Portosystemic Collateral Veins

Treatments

Radiation: Abdominal computed tomography with angiography.

Study type

Observational

Funder types

Other

Identifiers

NCT04538209
portal circulation assessment

Details and patient eligibility

About

Study the effect of variceal eradication on portal circulation, liver stiffness and Child-Pugh and MELD scores in patients with liver cirrhosis.

Full description

Portosystemic collateral circulation is a consequence of portal hypertension, which occurs in chronic liver disease and is responsible for numerous complications.

Gastric and oesophageal varices are two of common portosystemic collaterals, patients usually presented with hematemesis, melena, or both, ultimately 20% is the mortality during the first attack.
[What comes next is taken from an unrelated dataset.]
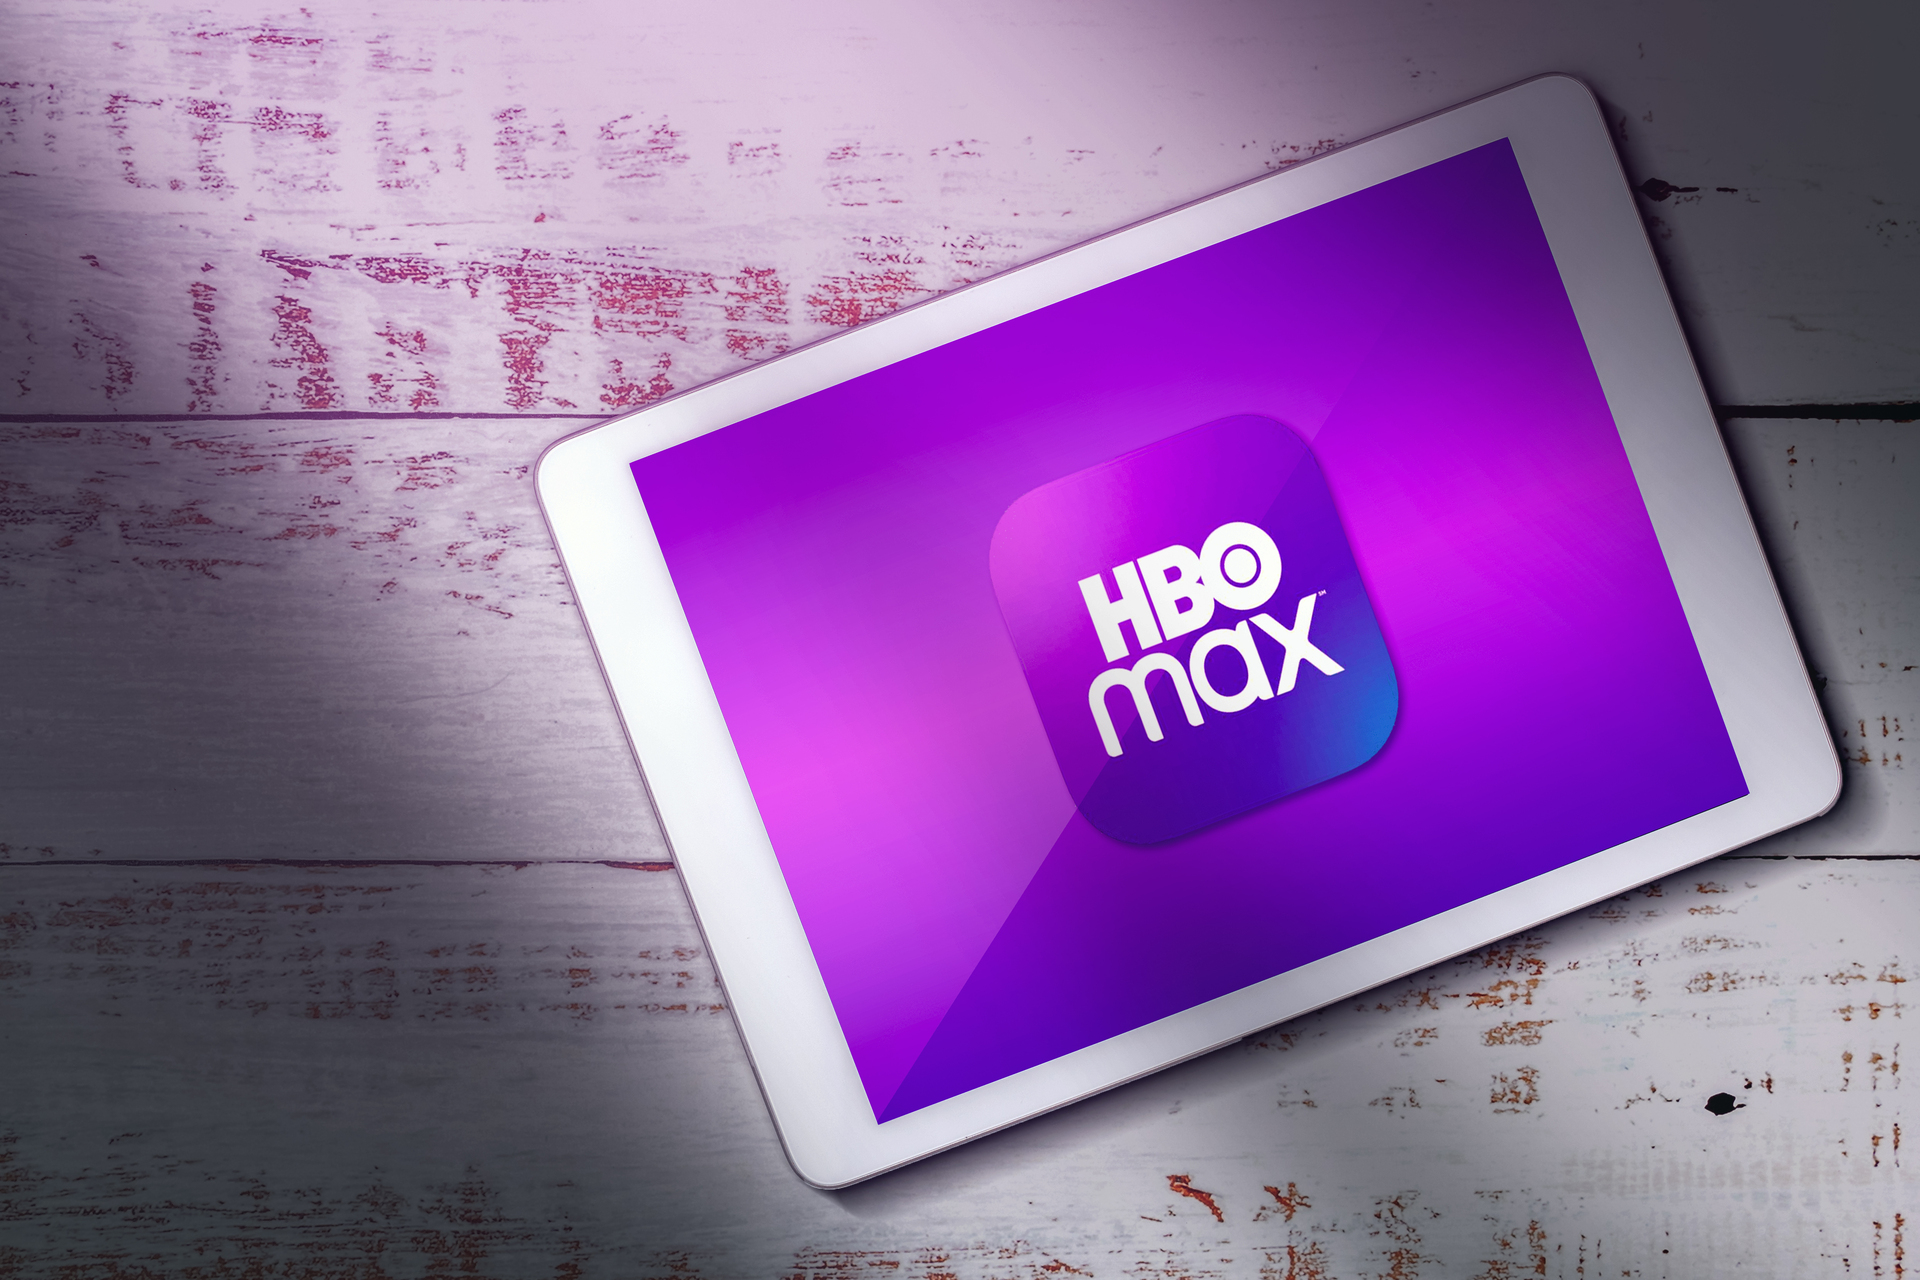 Na obrázku je zobrazený tablet alebo digitálne zariadenie so žiarivou fialovou obrazovkou, na ktorej je nápadne zobrazené logo „HBO Max“. Tableta spočíva na drevenom povrchu so starým alebo ošúchaným vzhľadom, ktorý má biely povrch s presvitajúcimi škvrnami s červeno-ružovými podtónmi. Celkové osvetlenie dodáva obrazu jemnú a náladovú atmosféru

Although both band ligation and sclerotherapy are effective modalities of treatment in controlling acute variceal bleeding, in preventing future variceal bleeding as well as in eradicating varices with very few complications , their effects on portal circulation have raised concerns among hepatologist.

Information about collateral pathways is especially relevant when interventional procedures or surgery is indicated because inadvertent distribution of these vessels can cause significant bleeding.
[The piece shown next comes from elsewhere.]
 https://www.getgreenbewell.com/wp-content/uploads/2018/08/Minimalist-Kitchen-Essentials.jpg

Few studies pointed on development of new portosystemic collaterals post variceal eradication depending on abdominal computed tomography (CT ) compared to pre-variceal eradication as showed paraoesophageal varices, retro-gastric varices not visualized with endoscopy ,or large deep gastric collaterals that may increase risk for rebleeding.
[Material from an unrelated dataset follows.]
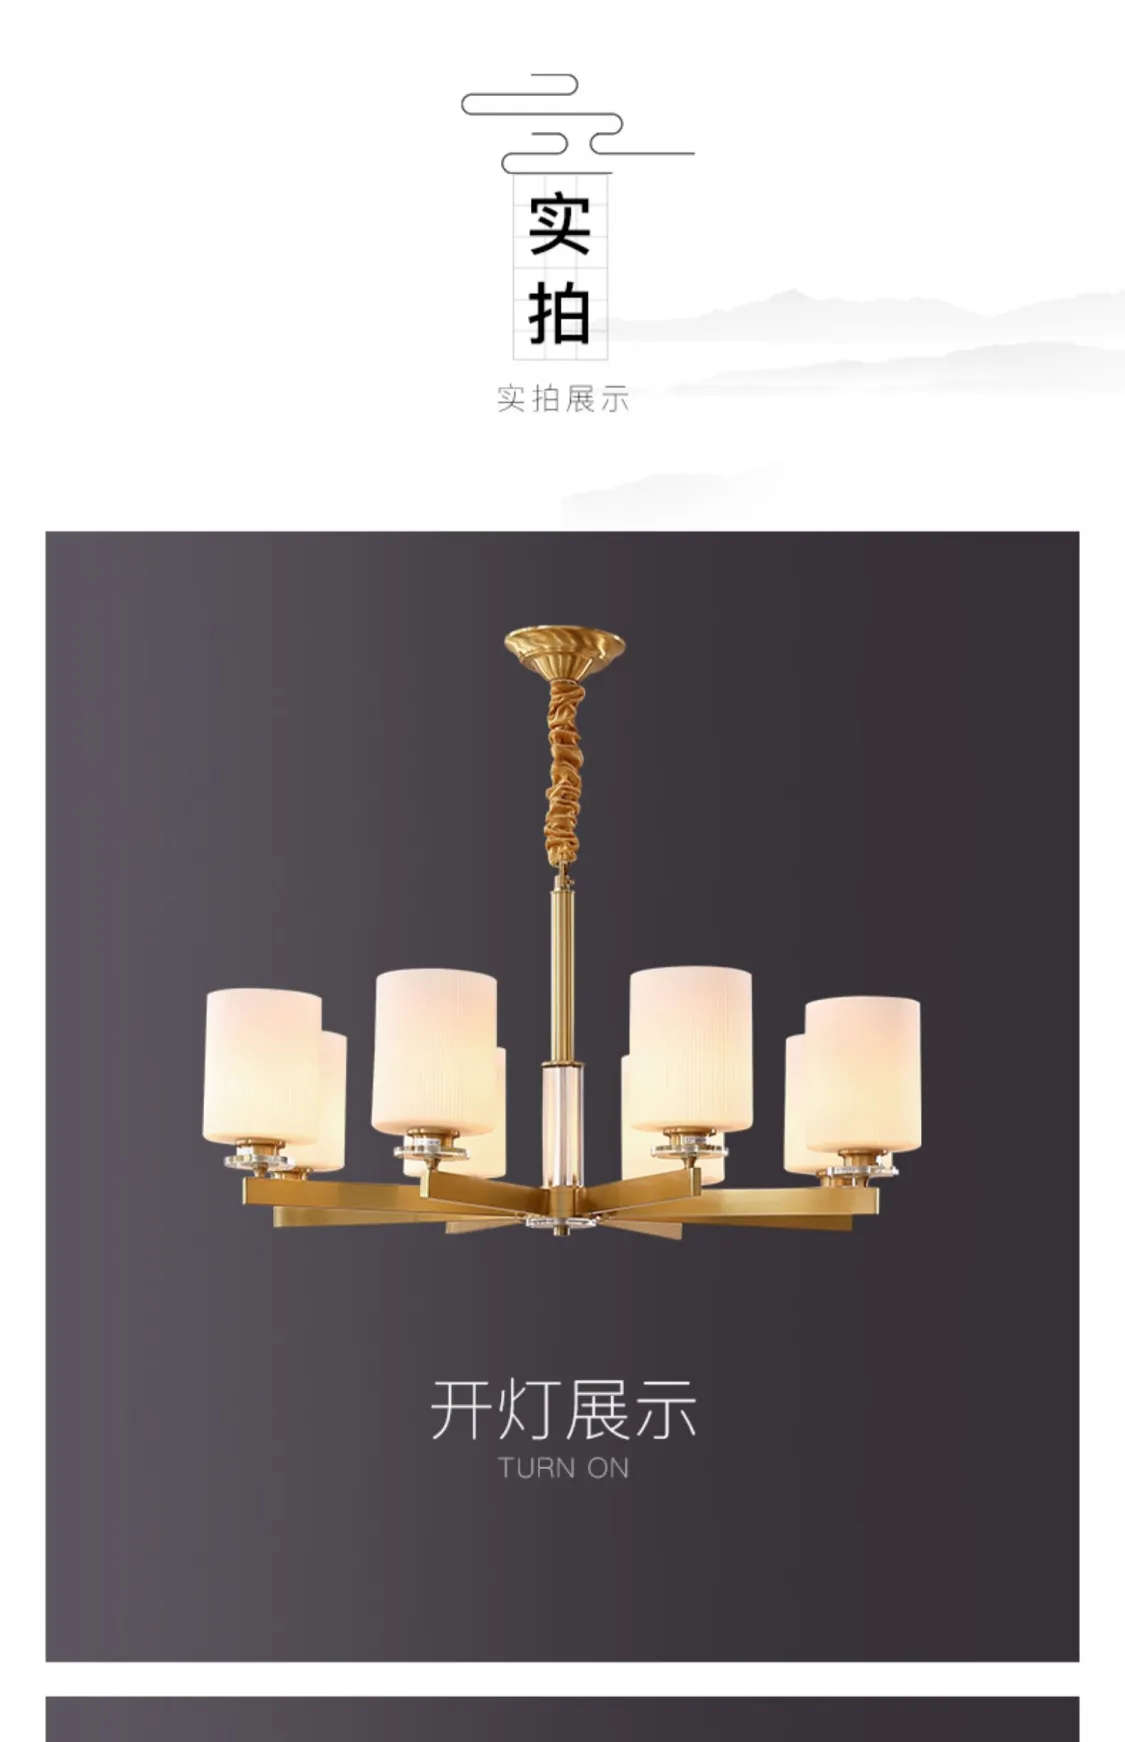 月影灯饰全铜新中式吊灯客厅灯简约现代餐厅灯中国风大气中式灯具(图14)

Also, liver stiffness measurement and indirect markers of portal hypertension have been correlated with the severity of portal hypertension and have been used to predict the presence of varices, and there is rising question what about effect of variceal eradication on liver stiffness.

The Child-Pugh and MELD scores were significantly higher for patients with gastric variceal bleeding , and the question here is variceal eradication can improve Child-Pugh and MELD scores or there is no effect.

Enrollment

52 estimated patients

Sex

All

Ages

18 to 70 years old

Volunteers

No Healthy Volunteers

Inclusion criteria

  • • Age between 18 and 70 years old.

    • Patient with documented liver cirrhosis undergoing either primary or secondary prophylactic variceal eradication.
    • Liver cirrhosis with Child-Pugh score A and B.

Exclusion criteria

  • • Age less than 18 years.

    • Have contraindications to computed abdominal CT-angiography (e.g. allergy to all suitable contrast agents, renal failure).
    • Patients with history of recent significant bleeding varices.
    • Previous history of variceal ligation, sclerotherapy, and TIPS operation.
    • Patients with isolated gastric varices.
    • Patients with HCC or other malignancies.
    • End-stage liver disease (Child score more than 9).
    • Patients with malignant portal vein thrombosis.
    • Patients with non-cirrhotic portal hypertension.
    • Patients refuse to participate in the study.

Trial design

52 participants in 1 patient group

canditates for variceal eradication
Description:
patients with documented liver cirrhosis (Based on clinical, laboratory and ultrasonographic findings) undergoing either primary or secondary prophylaxis variceal eradication at endoscopy unit of El-Rajhi hospital, Assuit University
Treatment:
Radiation: Abdominal computed tomography with angiography.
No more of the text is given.